Can I Smoke in Here?


New tobacco map highlights state differences.

An interactive online map set, showing state-by-state variations in smoke-free laws, cigarette tax rates, and rates of tobacco control spending, has been put together by the Robert Wood Johnson Foundation, and is now available for viewing at the foundation’s Public Health site HERE.

“Users will be able to see whether a state is ahead or behind the curve in protecting and promoting health,” says Michelle Larkin, the leader of the Robert Wood Johnson Foundation Public Health Team. “We know from the research that the two most effective policies to pursue are raising tobacco taxes and putting smoke-free air laws into place,” says Larkin, adding that “these two policies help to prevent youth from ever starting to smoke and they also help smokers quit.”

To that end, the interactive maps that comprise the project can be used to track changes from state to state in smoke-free legislation and taxation rates over time.
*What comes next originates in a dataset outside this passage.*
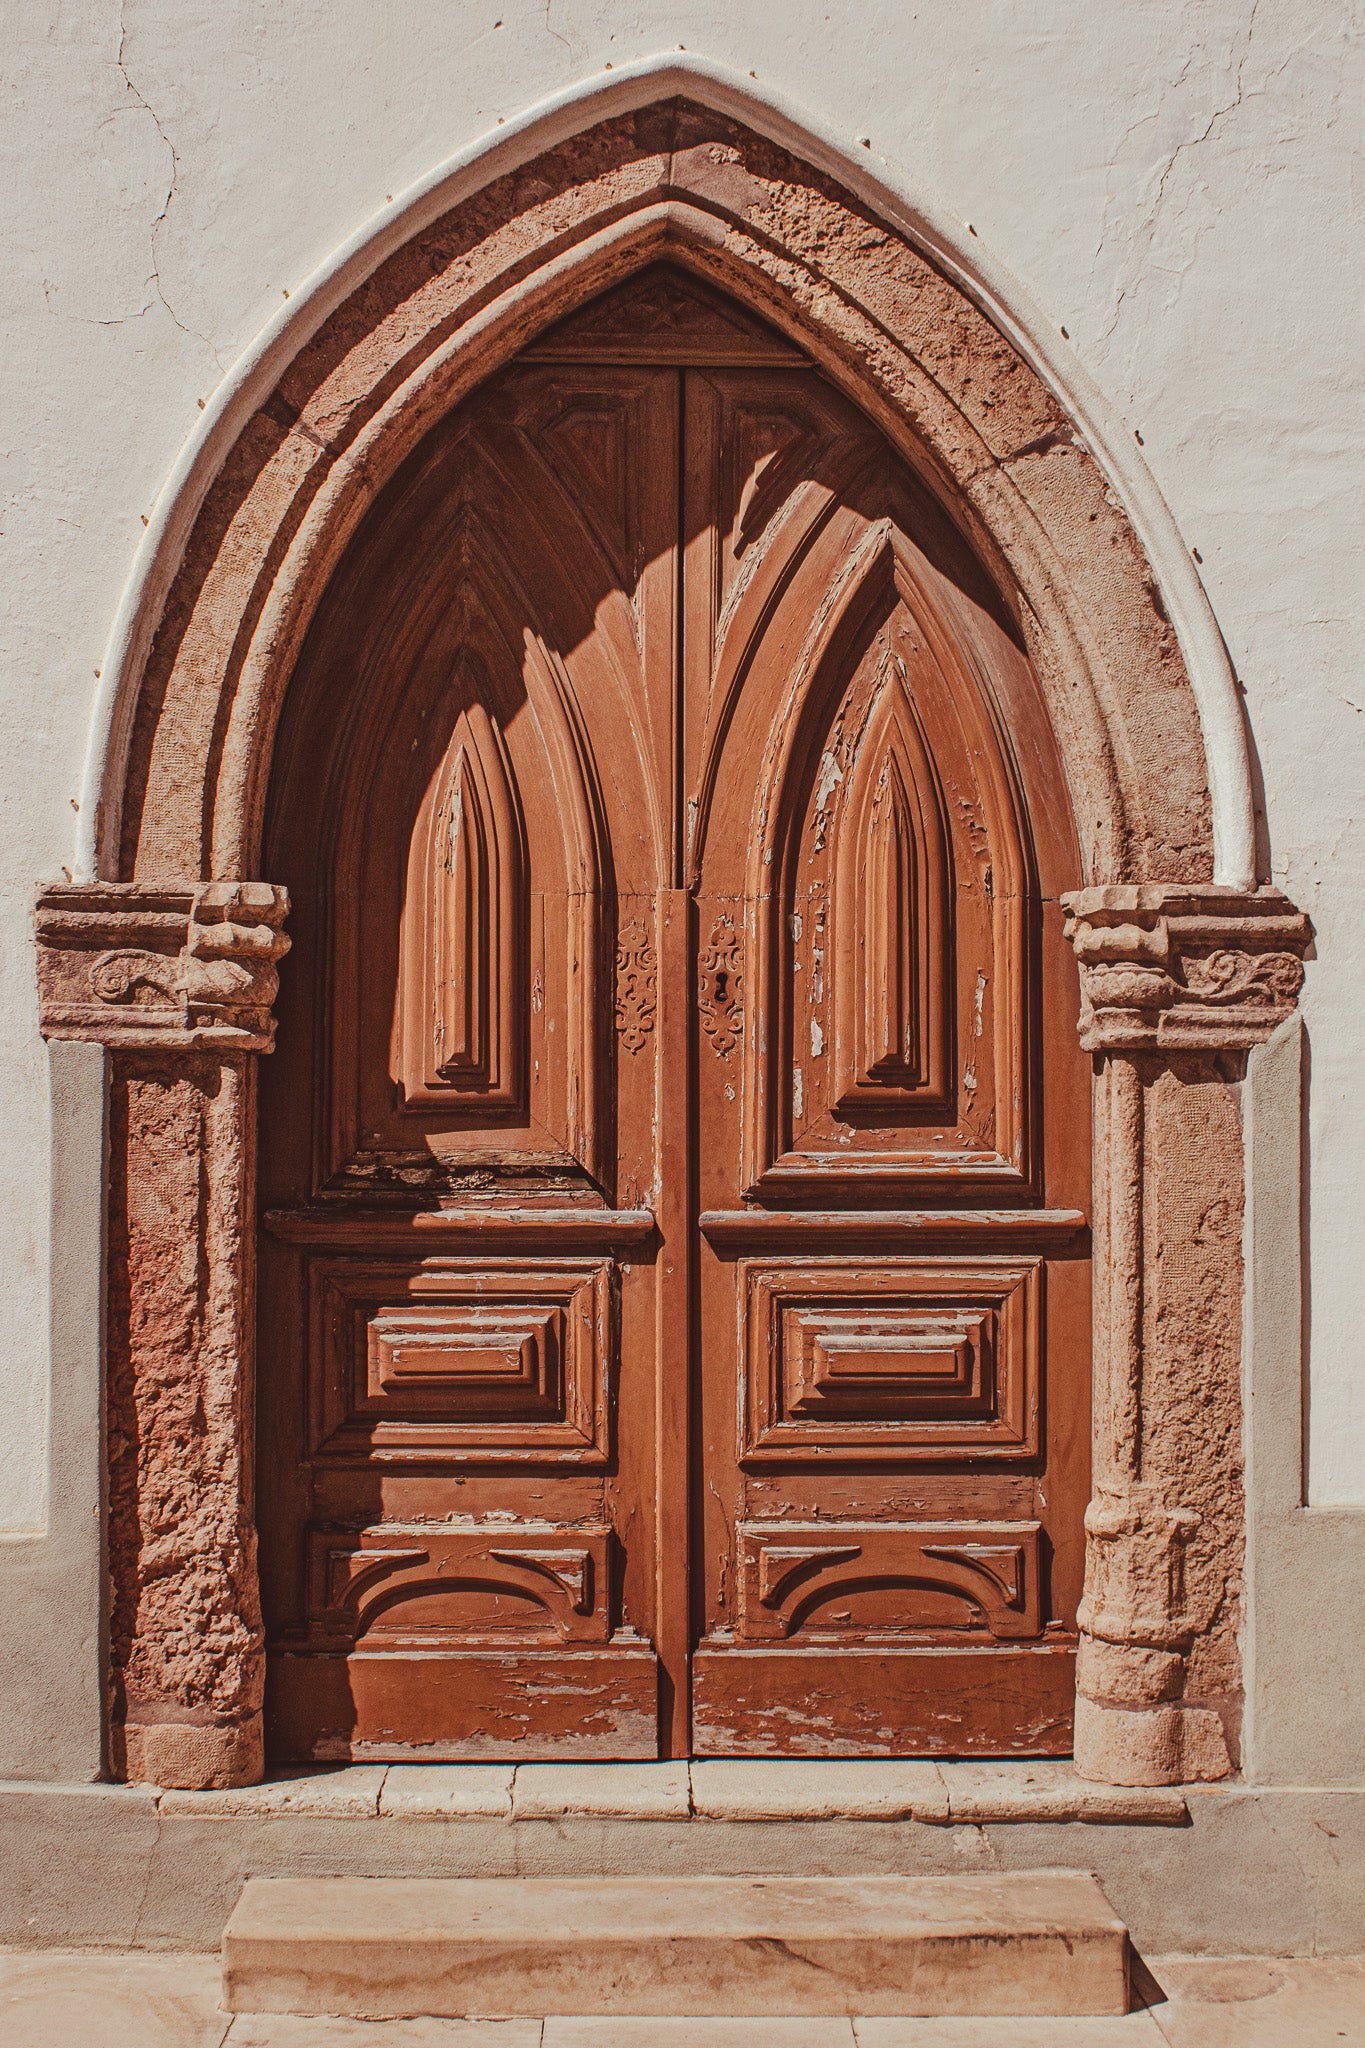 Porta da Igreja Velha

A third map can be used to track the extent to which states are complying with CDC recommendations for tobacco control expenditures. (Answer: most of them aren’t.)

The hope is that the interactive tobacco map will provide policymakers with a nationwide picture of tobacco policy, using the state-by-state breakdowns to predict trends and to demonstrate how the tobacco control landscape has evolved and changed over the years.

The RWJF Tobacco Map uses data from the Campaign for Tobacco-Free Kids and Americans for Non-Smokers’ Rights.